Having the code itself might not be the main target however, understanding these algorithms is. wish it will be useful to someone someday.
Article Introduction - Part 2 "Beyond Perceptron"
At last article, we have created Perceptron that acts as Binary Linear Classifier, will continue discussion about Perceptron to create more complicated layout for more complicated problems.
Strongly advise to review Build Simple AI .NET Library - Part 2 - Machine Learning Introduction before moving any further in this article.
More Perceptron Examples
As mentioned, Perceptron is simplest processing element of ANN, yet it is still powerful algorithm however it is very limited. Remember, it's mainly used only as binary linear classifier.
What about other complicated classifications problems, what about binary but non-linear classifications. will see through couple of examples how to develop further complex layouts of Perceptron.

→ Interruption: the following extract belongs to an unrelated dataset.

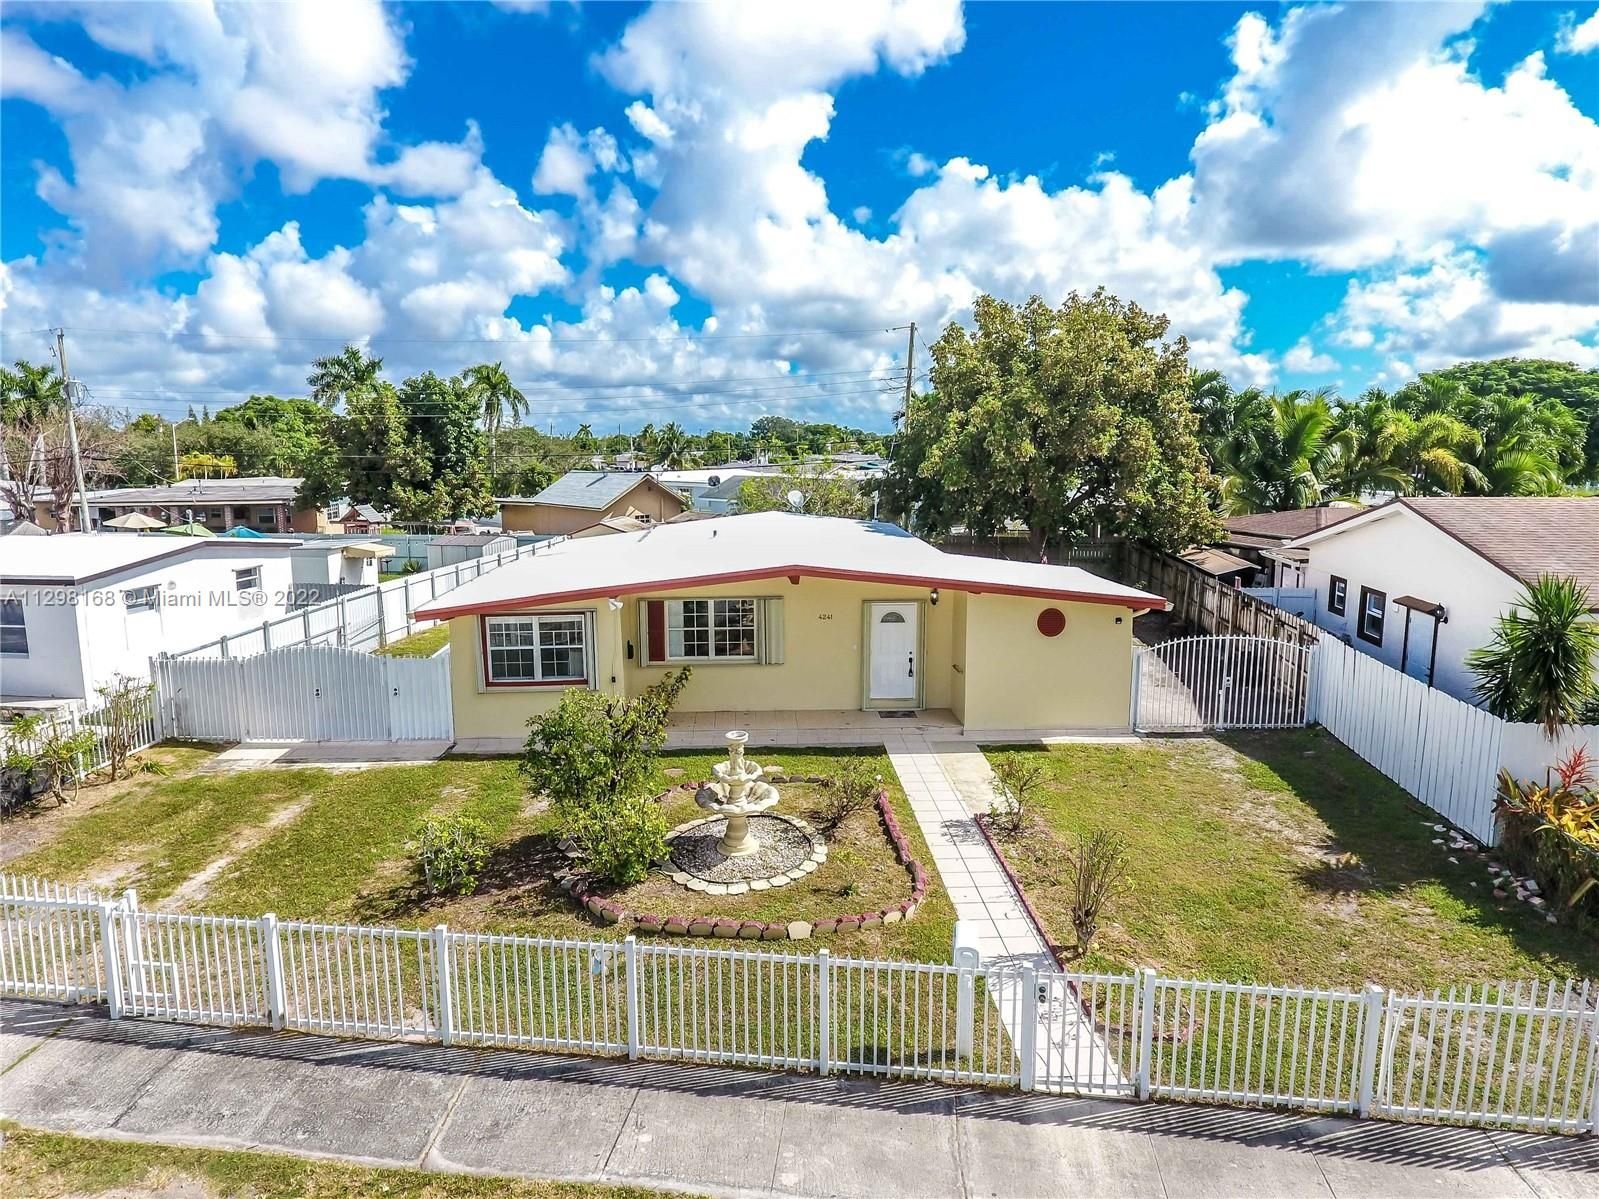 Real estate property located at 4241 116th Ave, Miami-Dade County, Miami, FL

To be all in same page; let's verify some definitions:
Binary Classifier - is a problem where output is having only 2 possible answers, classifications or groups. However, classification can be linear or non-linear
Linear Classifier - If inputs are linearly separated. You can draw straight line to separate both groups
Non-linear Classifier - Incase classification is not possible via straight line
Problem Dimensions - Inputs matrix (Vector) can be considered as features of problem being optimized, for last example of article 3, we had 2 inputs, one is X and other one is Y which are coordinates of each point. other way to view inputs is by considering number of inputs as dimensions of the problem. So 4D problem means it has 4 different features (AI can resolve problems of higher dimensions that are impossible to visualize by human brain)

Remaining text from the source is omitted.